One DB opened by multipe instances so the the db ll be Highly Available if an instance
crashes.
Cluster Software. Oracles Clusterware or products like Veritas Volume Manager are

required to provide the cluster support and allow each node to know which nodes
belong to the cluster and are available and with Oracle Cluterware to know which nodes
have failed and to eject then from the cluster, so that errors on that node can be cleared.
Oracle Clusterware has two key components Cluster Registry OCR and Voting Disk.
The cluster registry holds all information about nodes, instances, services and ASM
storage if used, it also contains state information ie they are available and up or similar.
The voting disk is used to determine if a node has failed, i.e. become separated from the
majority. If a node is deemed to no longer belong to the majority then it is forcibly
rebooted and will after the reboot add itself again the the surviving cluster nodes.
Advantages of RAC (Real Application Clusters)
Reliability if one node fails, the database wont fail
Availability nodes can be added or replaced without having to shutdown the database
Scalability more nodes can be added to the cluster as the workload increases
What is a virtual IP address or VIP?
A virtual IP address or VIP is an alternate IP address that the client connections use
instead of the standard public IP address.

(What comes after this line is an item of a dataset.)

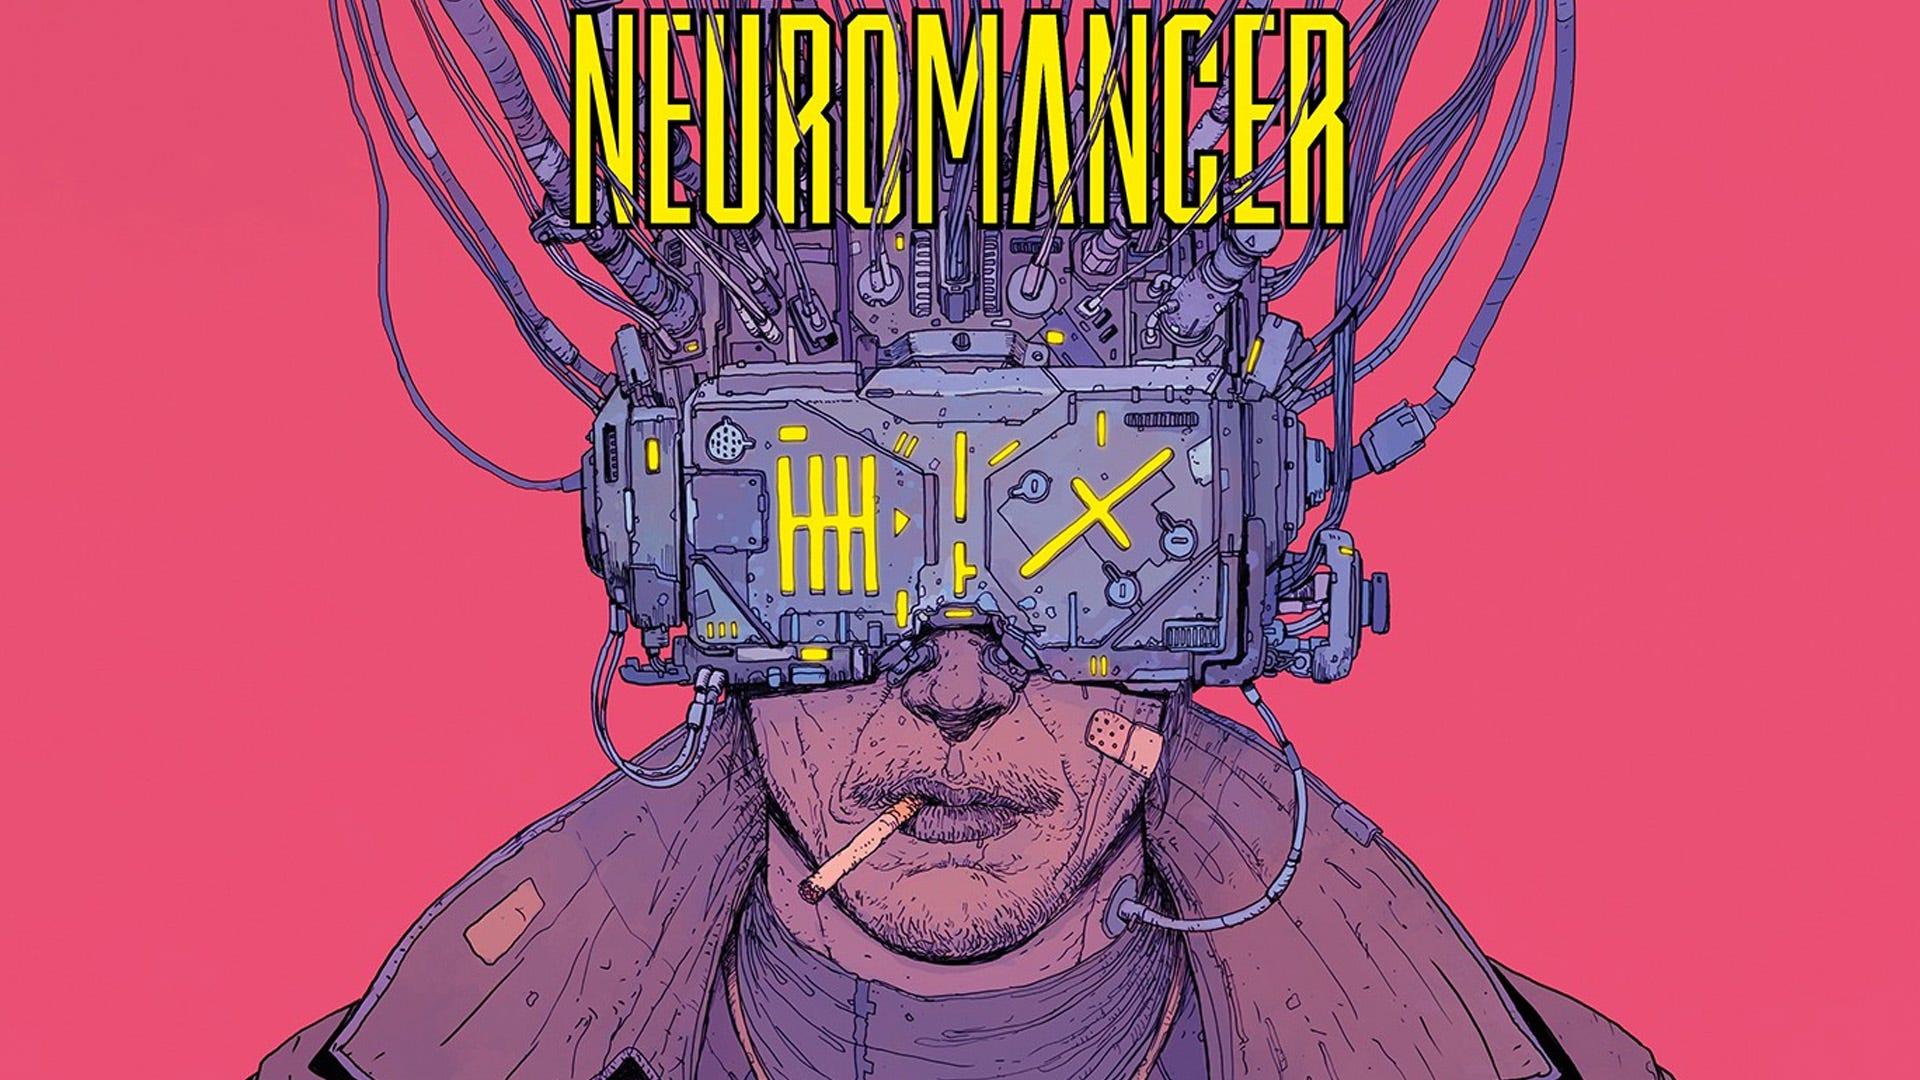 Neuromancer cover art, Brazilian edition

To configure VIP address, we need to reserve
a spare IP address for each node, and the IP addresses must use the same subnet as the
public network.
What is the use of VIP?
If a node fails, then the nodes VIP address fails over to another node on which the VIP
address can accept TCP connections but it cannot accept Oracle connections.

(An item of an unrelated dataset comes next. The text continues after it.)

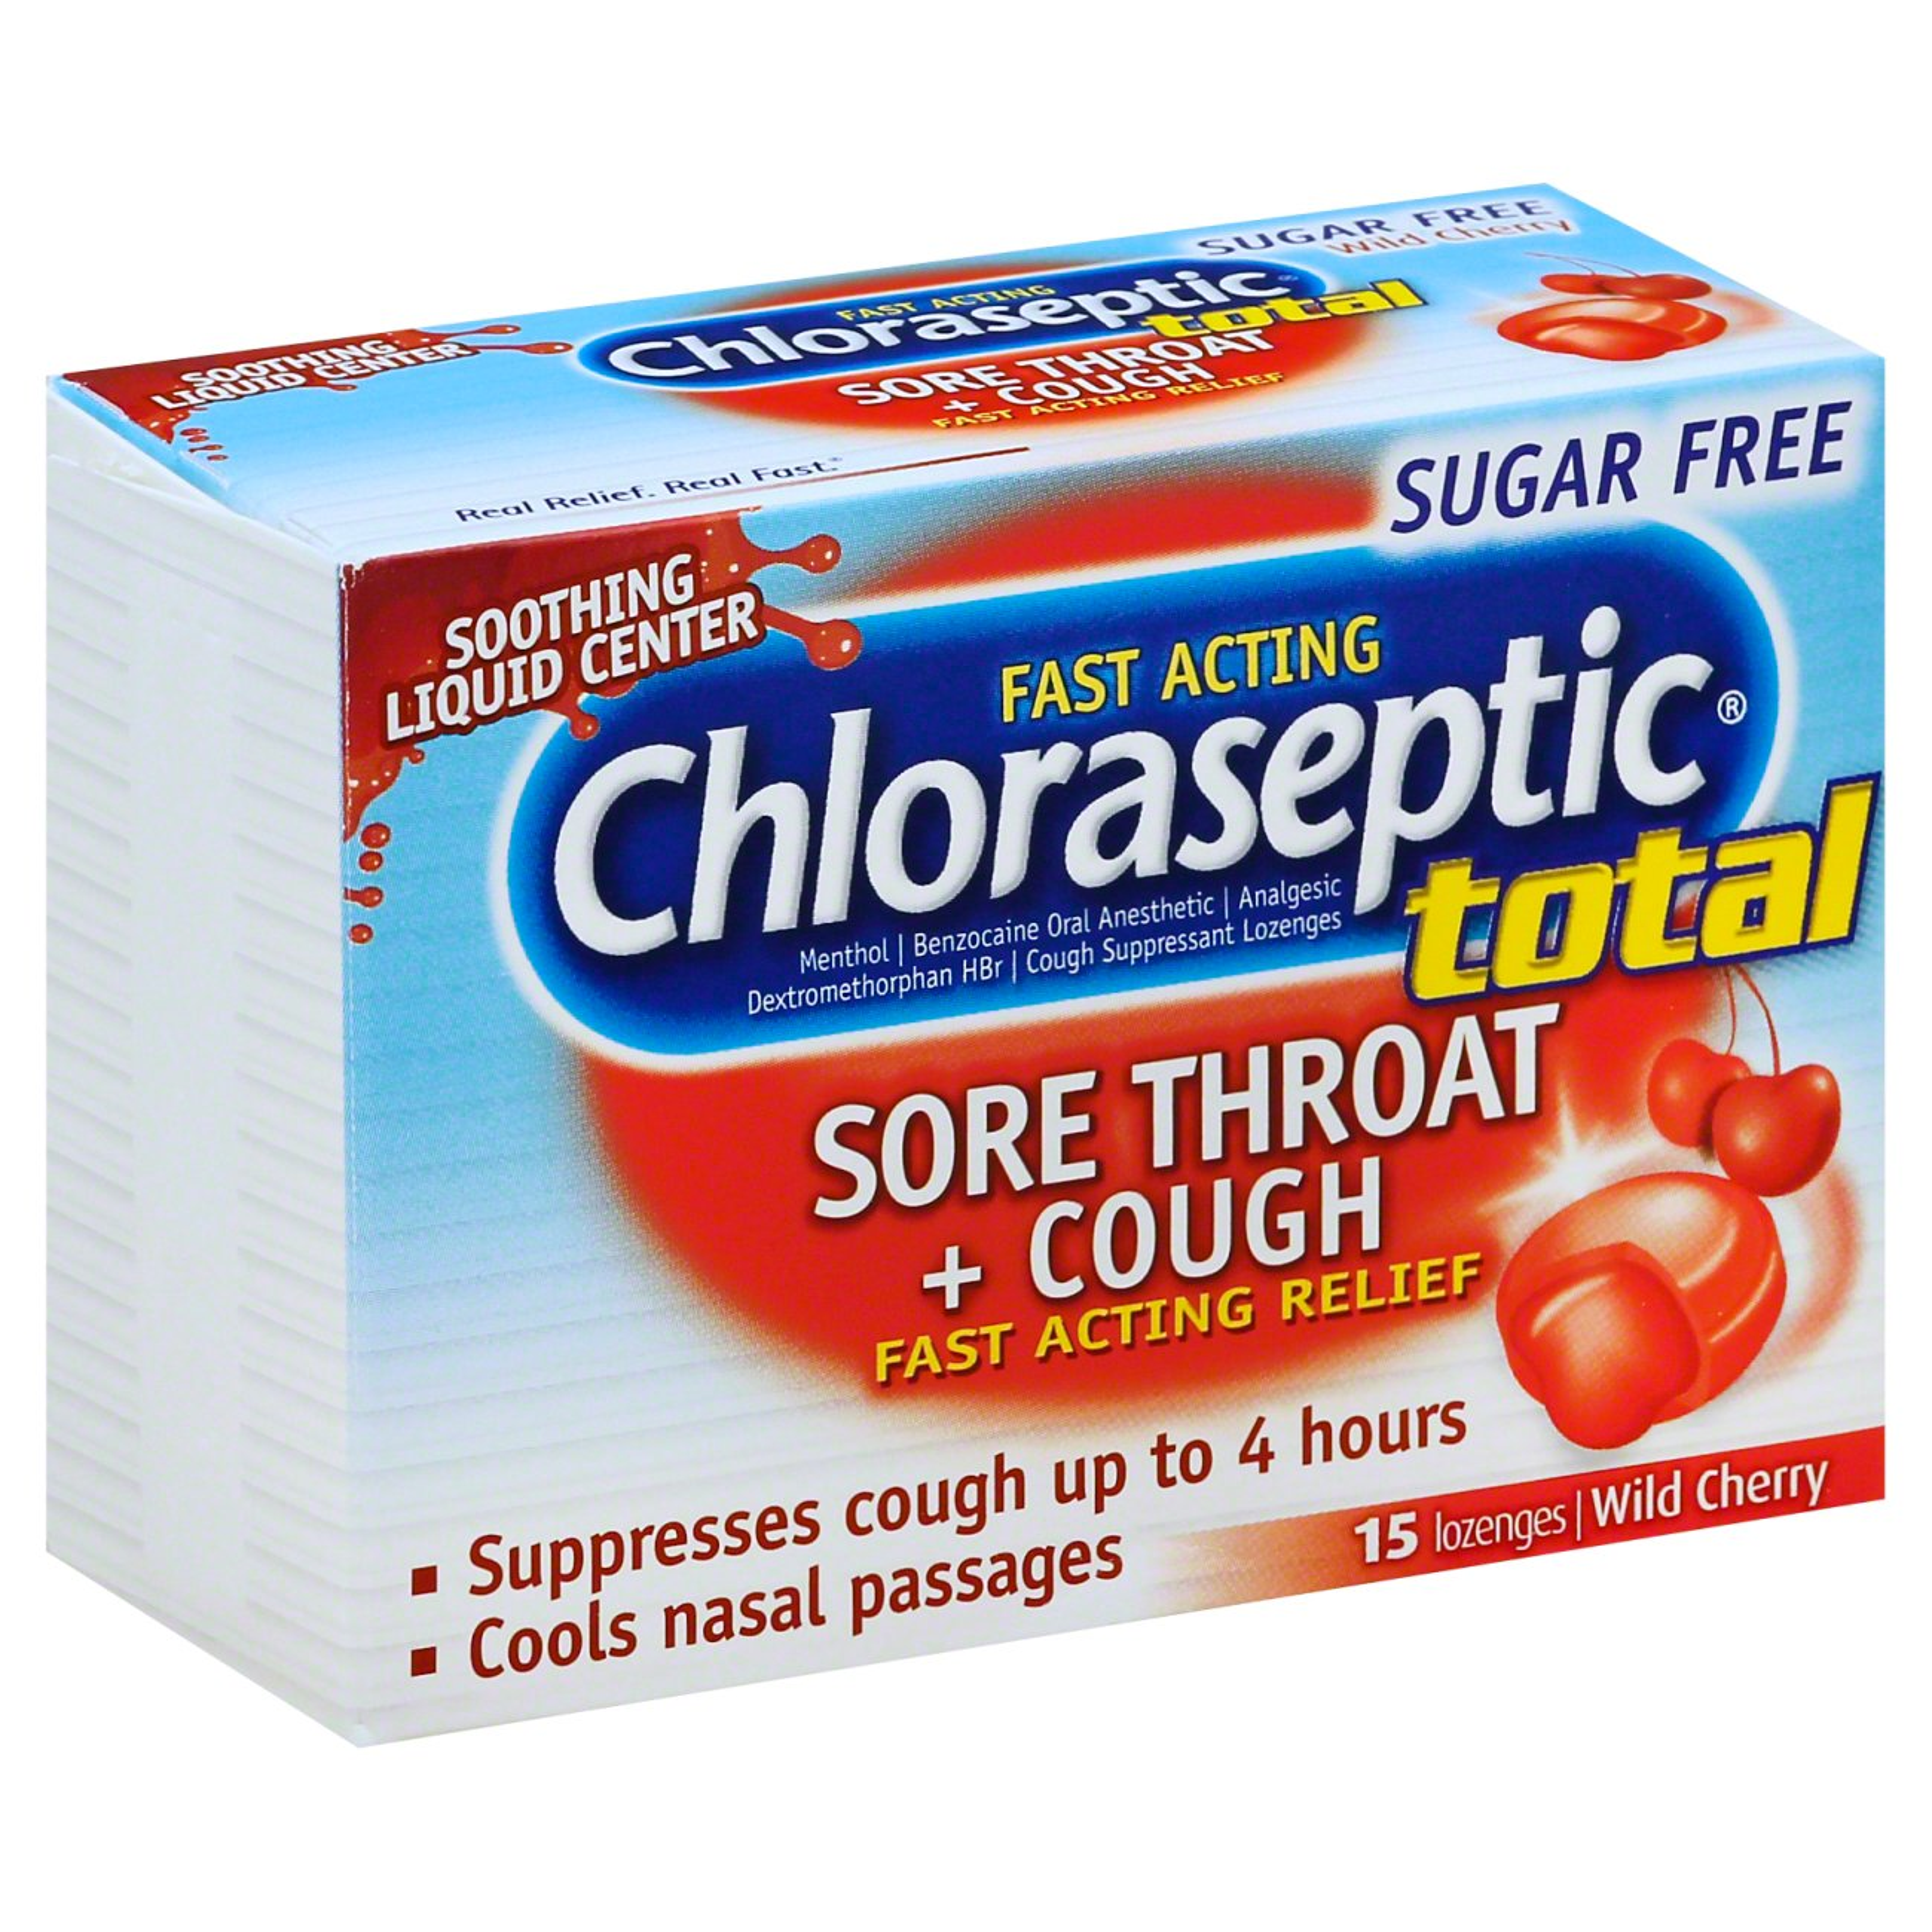 Chloraseptic Sugar Free Total Sore Throat + Cough Lozenges ‑ Shop Cough,  Cold & Flu at H‑E‑B

Give situations under which VIP address failover happens:VIP addresses failover happens when the node on which the VIP address runs fails, all
interfaces for the VIP address fails, all interfaces for the VIP address are disconnected
from the network.
Using virtual IP we can save our TCP/IP timeout problem because Oracle notification
service maintains communication between each nodes and listeners.
What is the significance of VIP address failover?

When a VIP address failover happens, Clients that attempt to connect to the VIP address
receive a rapid connection refused error .They dont have to wait for TCP connection
timeout messages.
What is voting disk?
Voting Disk is a file that sits in the shared storage area and must be accessible by all
nodes in the cluster. All nodes in the cluster registers their heart-beat information in the
voting disk, so as to confirm that they are all operational. If heart-beat information of
any node in the voting disk is not available that node will be evicted from the cluster.
The CSS (Cluster Synchronization Service) daemon in the clusterware maintains the
heart beat of all nodes to the voting disk. When any node is not able to send heartbeat to
voting disk, then it will reboot itself, thus help avoiding the split-brain syndrome.
For high availability, Oracle recommends that you have a minimum of three or odd
number (3 or greater) of votingdisks.
Voting Disk is file that resides on shared storage and Manages cluster members.
Voting disk reassigns cluster ownership between the nodes in case of failure.
The Voting Disk Files are used by Oracle Clusterware to determine which nodes are
currently members of the cluster. The voting disk files are also used in concert with
other Cluster components such as CRS to maintain the clusters integrity.
Oracle Database 11g Release 2 provides the ability to store the voting disks in ASM along
with the OCR. Oracle Clusterware can access the OCR and the voting disks present in
ASM even if the ASM instance is down. As a result CSS can continue to maintain the
Oracle cluster even if the ASM instance has failed.